The season of the Punjab Assembly election is approaching, and with it comes the grand annual migration of leaders back to their constituencies. For five years, many of them were invisible, busy, unavailable, or “working silently,” but now they are suddenly everywhere — in villages, in markets, in gurdwaras, and even in those remote corners where the mobile network disappears but the vote count does not. Their return is almost poetic, like watching migratory birds come home, except these birds arrive with media teams, loudspeakers, and promises that could power a rocket to Mars.
As the election breeze begins to blow, Punjab witnesses a magical transformation. Roads that were crying for repair suddenly get patched overnight. Streetlights that were dead for years start glowing as if they’ve been reborn. Water supply becomes the top priority, and every leader begins addressing every voter as “brother,” “uncle,” “auntie,” or “my dear youth,” depending on the age and potential vote value. Problems that were ignored for half a decade are now treated with dramatic shock, as if the leaders are discovering them for the first time in human history.
The field visits are a spectacle of their own. Leaders walk through muddy streets wearing spotless white clothes, trying to look humble while praying that their shoes survive the journey. They take a single heroic bite of a paratha for the camera, nod with exaggerated appreciation, and declare, “This is the real taste of Punjab,” before quietly handing the rest back to the plate. In farms, they touch wheat crops with the seriousness of a doctor checking a patient’s pulse, sit on tractors for exactly fourteen seconds, and deliver speeches about agriculture that make farmers wonder whether the leader even knows the difference between wheat and mustard.
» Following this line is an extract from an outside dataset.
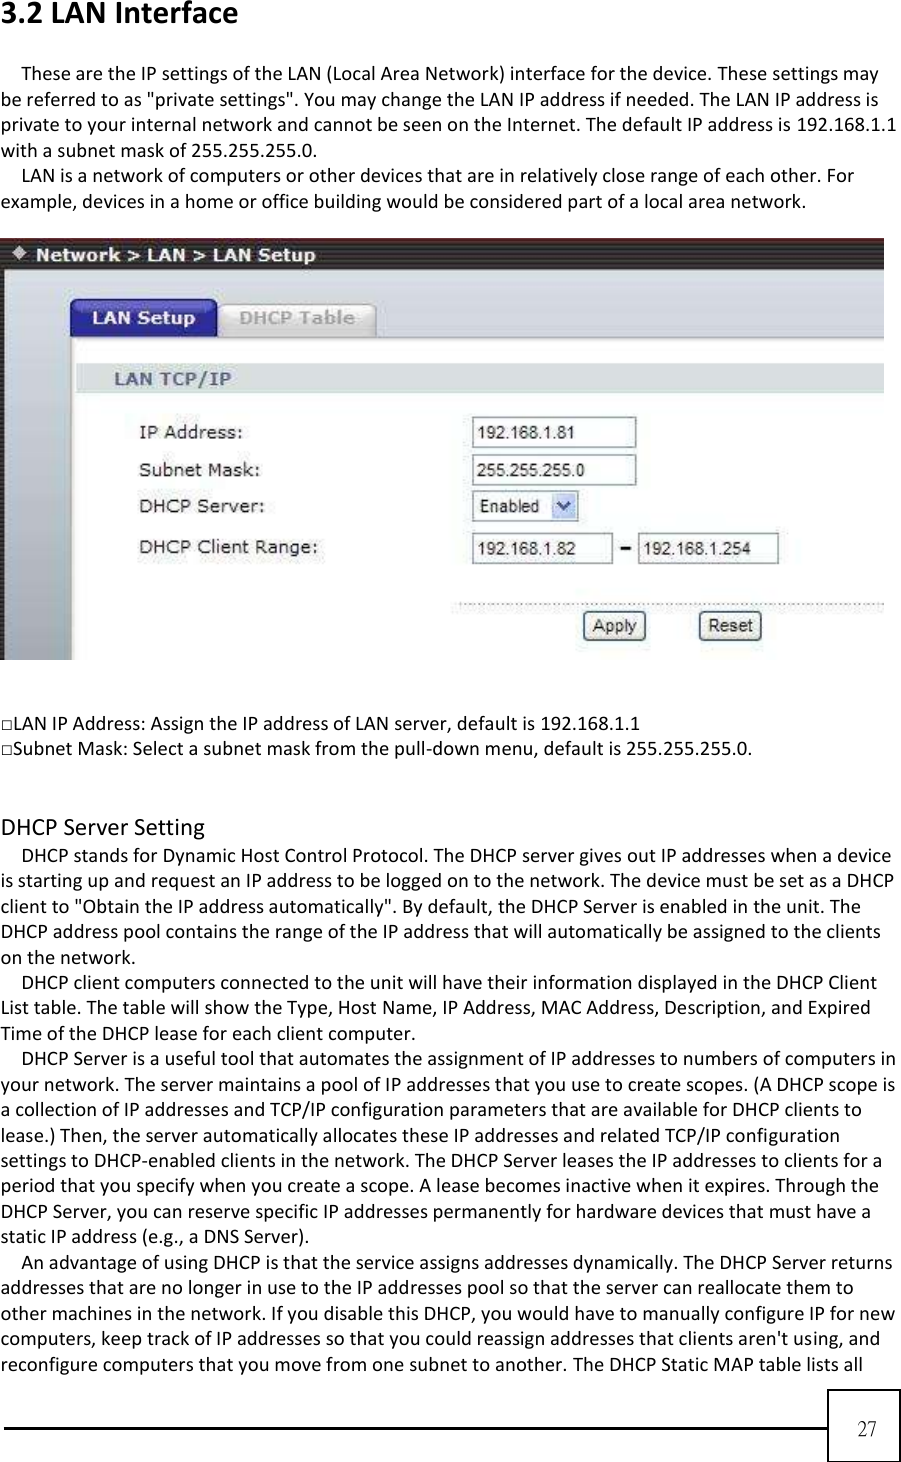  27  3.2 LAN Interface  These are the IP settings of the LAN (Local Area Network) interface for the device. These settings may be referred to as &quot;private settings&quot;. You may change the LAN IP address if needed. The LAN IP address is private to your internal network and cannot be seen on the Internet. The default IP address is 192.168.1.1 with a subnet mask of 255.255.255.0.   LAN is a network of computers or other devices that are in relatively close range of each other. For example, devices in a home or office building would be considered part of a local area network.           □LAN IP Address: Assign the IP address of LAN server, default is 192.168.1.1   □Subnet Mask: Select a subnet mask from the pull-down menu, default is 255.255.255.0.     DHCP Server Setting DHCP stands for Dynamic Host Control Protocol. The DHCP server gives out IP addresses when a device is starting up and request an IP address to be logged on to the network. The device must be set as a DHCP client to &quot;Obtain the IP address automatically&quot;. By default, the DHCP Server is enabled in the unit. The DHCP address pool contains the range of the IP address that will automatically be assigned to the clients on the network.   DHCP client computers connected to the unit will have their information displayed in the DHCP Client List table. The table will show the Type, Host Name, IP Address, MAC Address, Description, and Expired Time of the DHCP lease for each client computer.     DHCP Server is a useful tool that automates the assignment of IP addresses to numbers of computers in your network. The server maintains a pool of IP addresses that you use to create scopes. (A DHCP scope is a collection of IP addresses and TCP/IP configuration parameters that are available for DHCP clients to lease.) Then, the server automatically allocates these IP addresses and related TCP/IP configuration settings to DHCP-enabled clients in the network. The DHCP Server leases the IP addresses to clients for a period that you specify when you create a scope. A lease becomes inactive when it expires. Through the DHCP Server, you can reserve specific IP addresses permanently for hardware devices that must have a static IP address (e.g., a DNS Server).     An advantage of using DHCP is that the service assigns addresses dynamically. The DHCP Server returns addresses that are no longer in use to the IP addresses pool so that the server can reallocate them to other machines in the network. If you disable this DHCP, you would have to manually configure IP for new computers, keep track of IP addresses so that you could reassign addresses that clients aren&apos;t using, and reconfigure computers that you move from one subnet to another. The DHCP Static MAP table lists all 
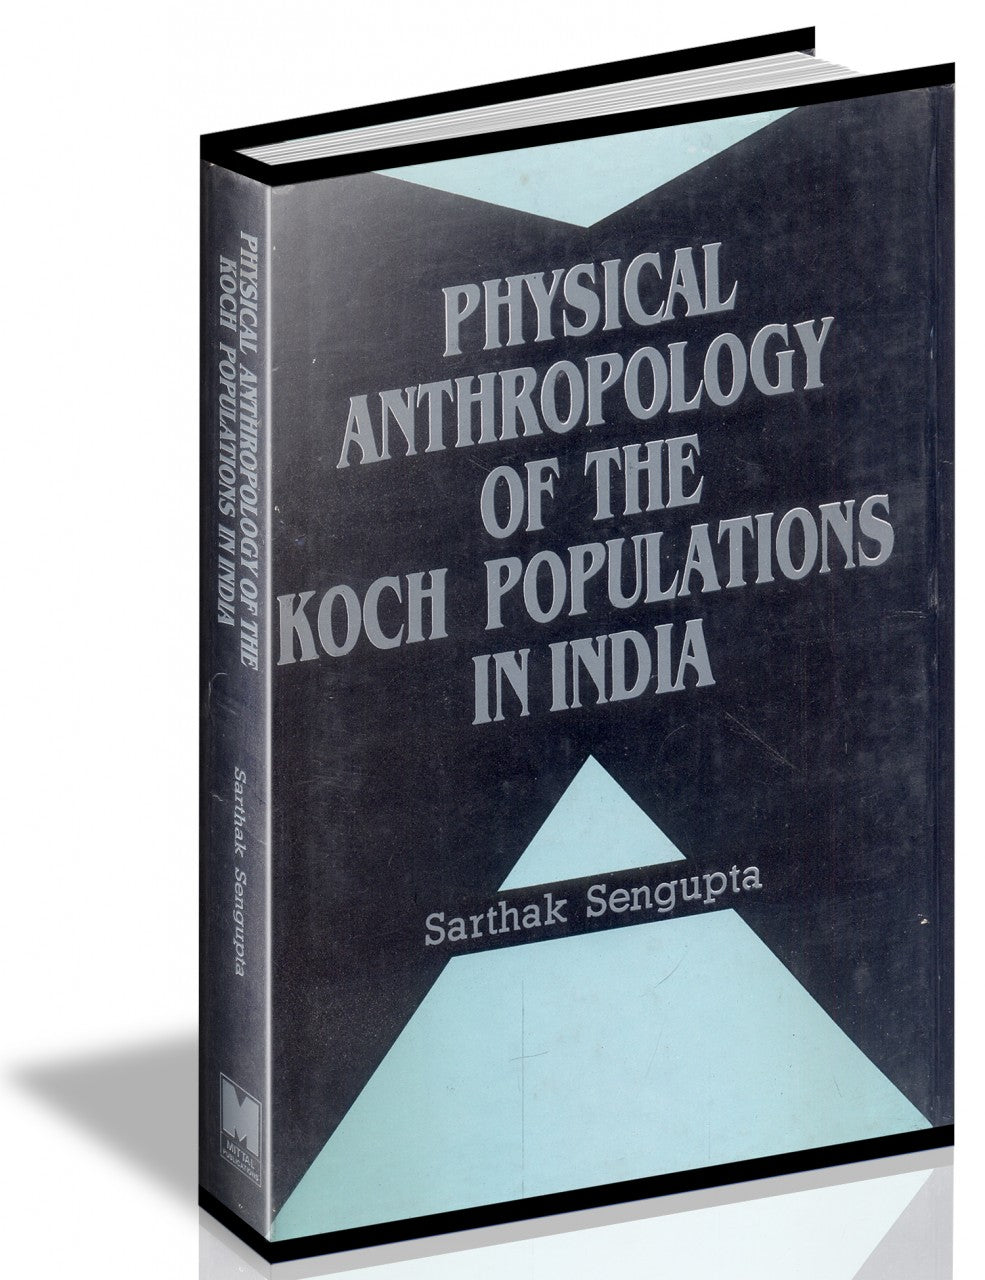 Physical Anthropology Of The Koch Populations Of India

Meanwhile, the manifesto race is in full swing. Parties are printing promises faster than wedding cards. One promises free electricity, another promises free water, and a third promises free everything except oxygen — though they hint that even that might be negotiable. Some promises are so grand that even the voters look up at the sky and whisper, “God, is this even possible?” God, wisely, remains silent.
Through all this, the voters watch with a calm, knowing smile. They listen to speeches, shake hands, and nod politely, but inside they carry the same timeless question: “Where were all these people for the last five years?” Election season has arrived, leaders are in the field, and Punjab — as always — is observing everything with humour, patience, and a memory sharper than any manifesto.